Yesterday, when I got back home after a long walk through Fitzroy and Carlton, the crepe place outside my building was playing an 80s French song. I hummed along as I walked into the elevator: ‘Partenaire particulier recherche partenaire particulière’. I was home.
One of the surprising difficulties of migration is that people in the new place don’t share your mental music library. Bars and cafes never play the songs of your childhood. There is no retro dance night where you can belt out the words of a familiar 1984 hit.
I have a precise memory of intense cultural alienation. It is 6pm on a Friday, and I’m at Papa Goose bar on Flinders Lane with colleagues. I had been living in Australia for two years and a half, and was working for the government, in a strategy team. We’d just finished a big conference, and went out to celebrate.

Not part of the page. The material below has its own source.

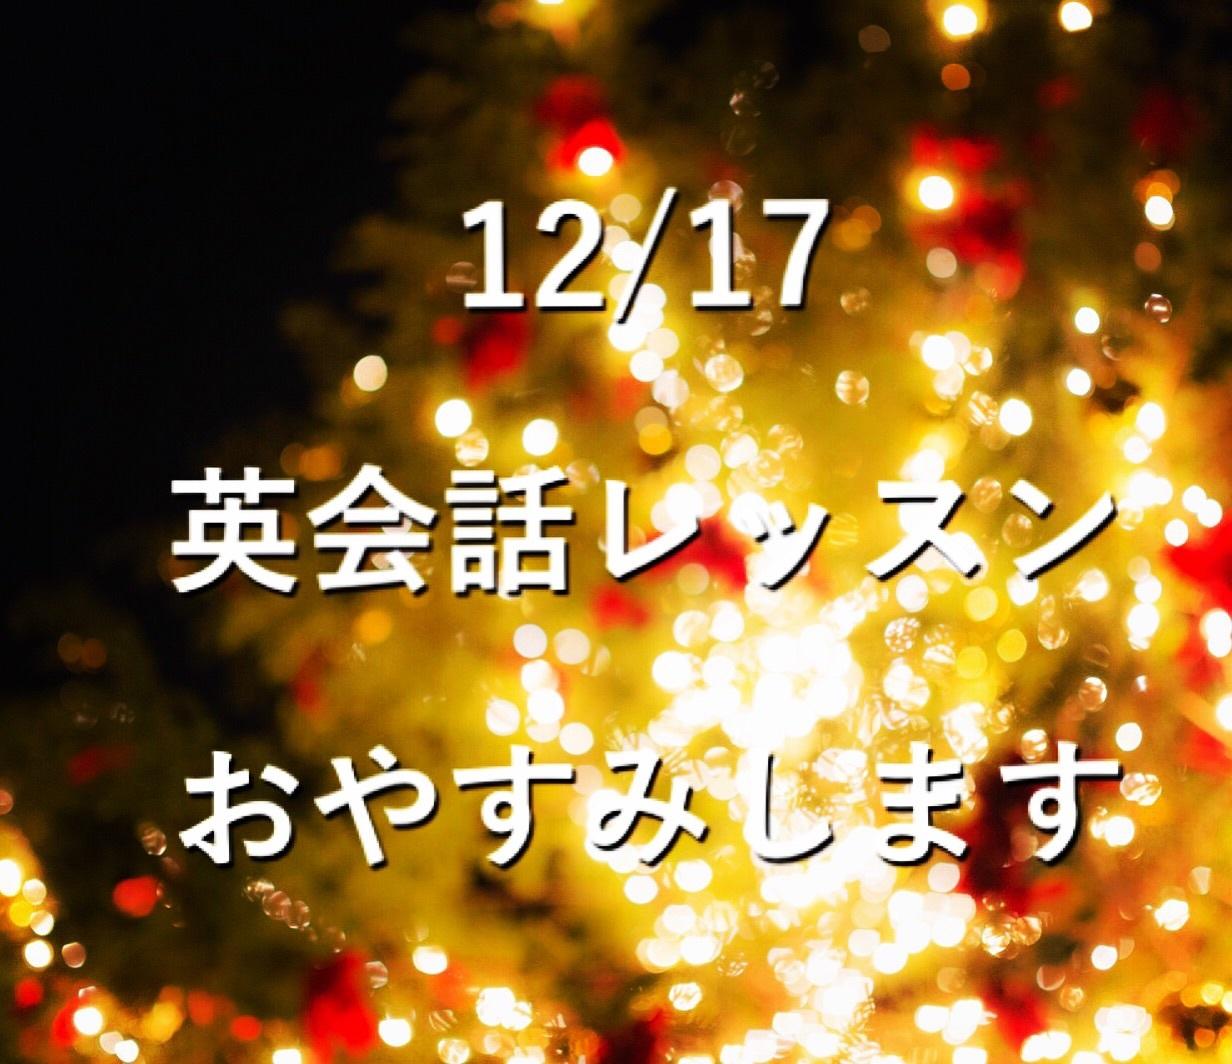 12/17英会話レッスンおやすみします_e0251361_00100780.jpg

These moments also serve team bonding. The conversation soon drifted to pop-rock favourites. Titles and band names flew around, creating a sense of joint belonging beyond hierarchical divisions. Except, none of the names rung any bell for me. Some of those might have played on French radio, but I could not identify them.
I felt isolated, a bit stupid, very self-conscious, and angry. Didn’t they realise that the conversation alienated me? Couldn’t they be polite enough to find a more consensual topic – or, failing that, turn the focus on reflecting about pop-rock trends in France and Australia?
It wouldn’t happen. Lots of superficial office banter only serves to reassert pre-existing social connection. For that, people are expected to share the same web of references, pop music, pop cultures, values, models on how the world works. Migrants must catch up, or shut up.
To their credit, it is difficult to conceive that somebody close to you never boogied to the sounds of a favourite songs. Surely, they must know. I can’t really believe my partner never danced to ‘Partenaire Particulier’.